Lorena Fikes [00:41:18] Thank you. Another final question, "For customers with poor usage, do you have an example of what kind of automated e-mail you would send and when you would send it to them? For example, I think we send an email if a user hasn't logged into their platform within 30 days so [send] something like login to view your updated report now."
Kevin O'Came [00:41:43] I think there's many opportunities. So it probably depends a little bit on where you are in the journey.

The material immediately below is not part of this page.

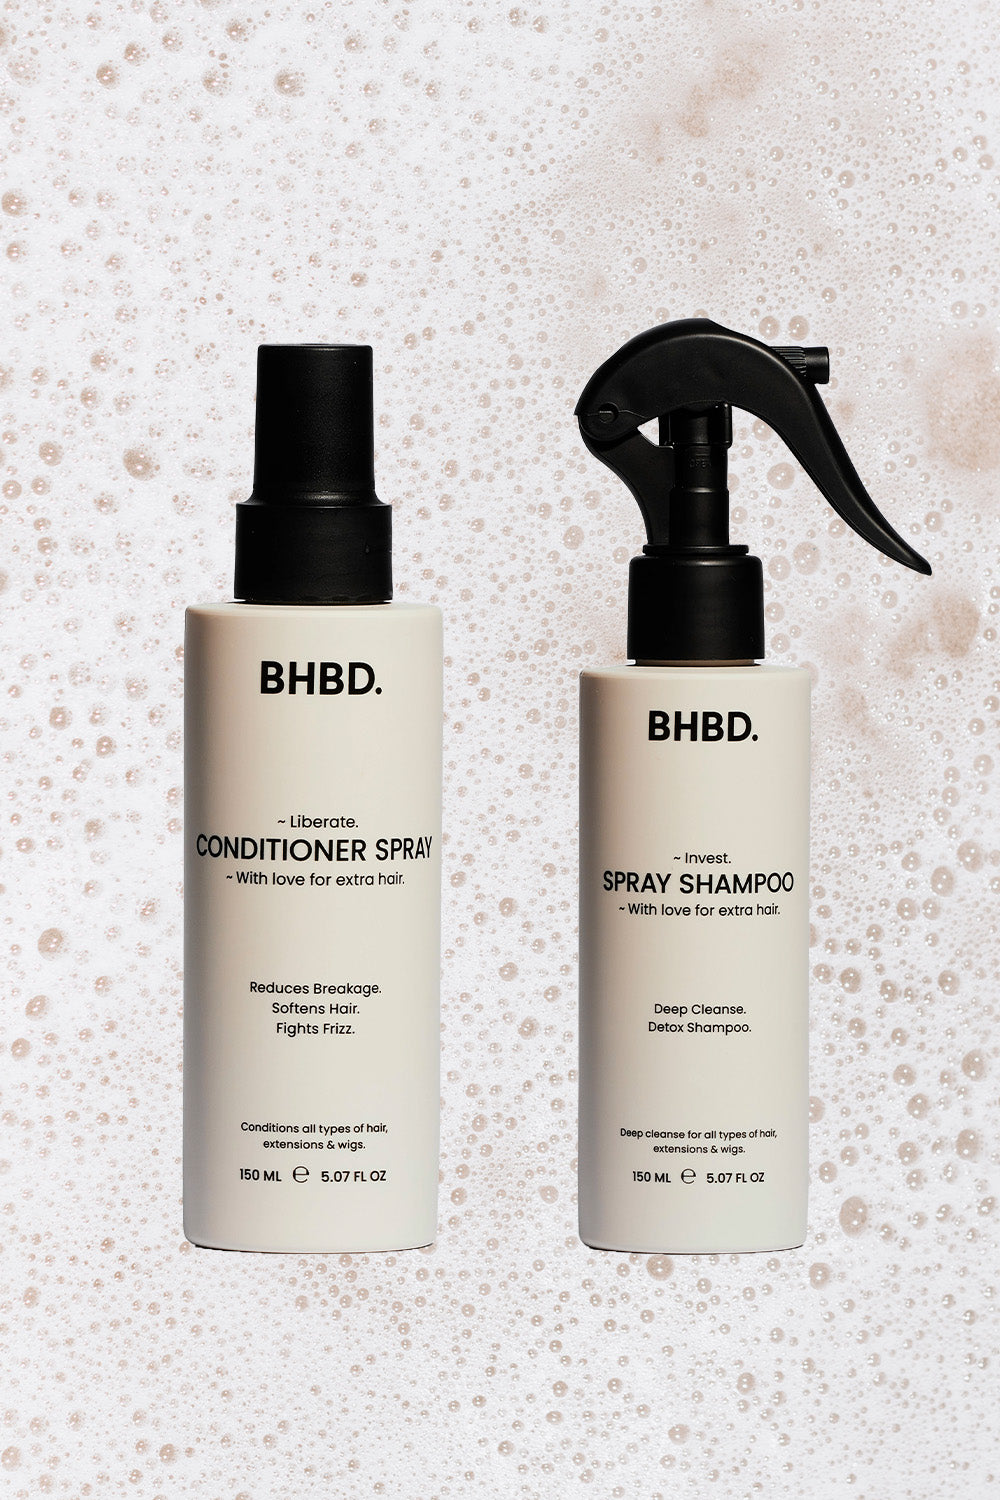 Conditioner spray and spray shampoo

So have you just sold something, and maybe, this is the first time they're using your product or service. It might be a little bit different if usage has fallen off over the course of time. But, I guess the general answer would be to look for what motivations are going to help that customer to be more successful in performing the work that they need to do. So, you might actually tailor that a little bit by the persona, and so it might be helpful information to say, "Hey, did you know these capabilities can make your job in life better?". It might be following that with, "Here's some great examples of customers that have seen great success in doing this type of work with our products or service," and followed up with, "We noticed that you haven't been logging for some time now". Maybe there's outreach or an invitation or one to many type event or some sort of intervention where a person from the team can maybe more directly engage with them. So I think having that series of offers in mind that address some of the motivations behind why would someone want to log in and use the platform, which typically makes their job better. They can produce greater results. You know, looking at other examples at how other customers have been successful in using your product or service. And, you know, there's a whole other series of opportunities to also look at maybe doing regular webinars or things like that to help new users that may have just joined the customer team to start engaging and help with any training needs that they might have as well.
Lorena Fikes [00:43:44] Thank you, Kevin, and thank you to everyone for staying on. I'd like to thank Kevin, Philip, and Harrison. We hope this webinar has been informative for you as you evaluate the framework necessary to scale your customer success during these changing times. We hope you'll join us again next Thursday [for our next webinar]. Have a wonderful day.